Panics due to depth overflow when deriving `ExtendedSpendingKey` on 256 levels and greater

[quapka]

Hi,
When researching depth overflow for BIP32 keys I've noticed that Zcash's child derivation can also overflow the depth. Consider the following example that panics:

diff --git a/src/zip32.rs b/src/zip32.rs
index 93b1cf5..247f1e4 100644
--- a/src/zip32.rs
+++ b/src/zip32.rs
@@ -244,6 +244,18 @@ mod tests {
         assert!(xsk_5.is_ok());
     }

+    #[test]
+    fn derive_child_depth_overflows() {
+        let seed = [0; 32];
+        let mut xsk = ExtendedSpendingKey::master(&seed).unwrap();
+
+        let i_5 = ChildIndex::hardened(5);
+        for _ in 0..256 {
+            xsk = xsk.derive_child(i_5).unwrap();
+        }
+
+    }
+
     #[test]
     fn path() {
         let seed = [0; 32];

In case of Bitcoin the issue is then that the serialized keys overflow (the depth has to fit into a single byte).
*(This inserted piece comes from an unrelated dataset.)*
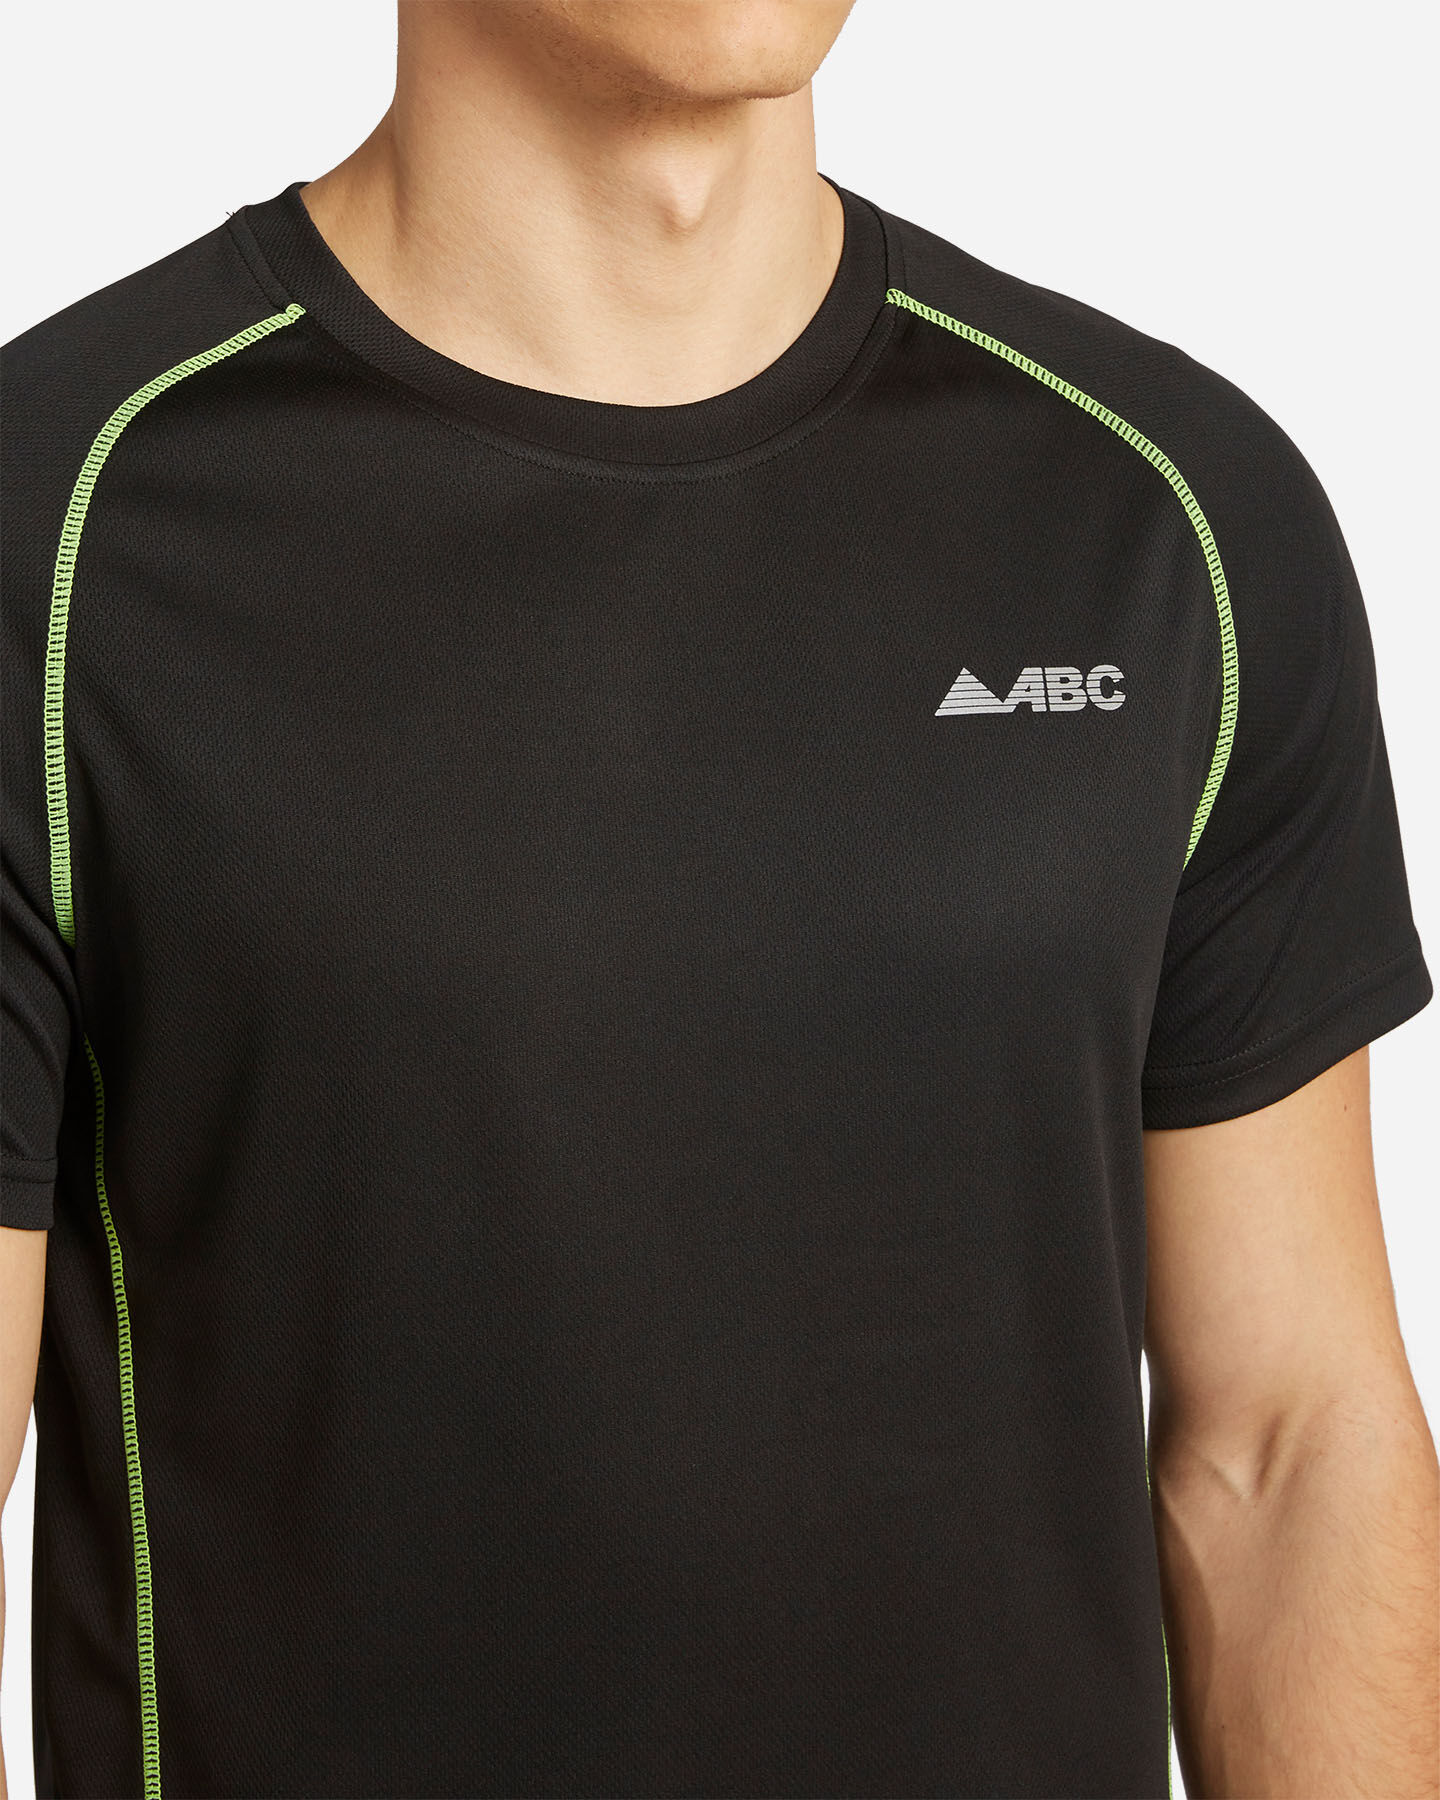  T-Shirt running ABC RUN M S4087981|050/1000|S scatto 4

For Zcash, apart from the panic, I am not sure about other possible issues.

[quapka]

I'm not familiar enough with Zcash, in case of Bitcoin both xprv and xpub tend to be affected. Also there are various derivation paths, e.g., deriving the child xpub directly from xprv could silently overflow. Since Zcash keys work differently, I haven't found similar issues here. Regex searching the repository for /\+\s+1/ shows only the above example.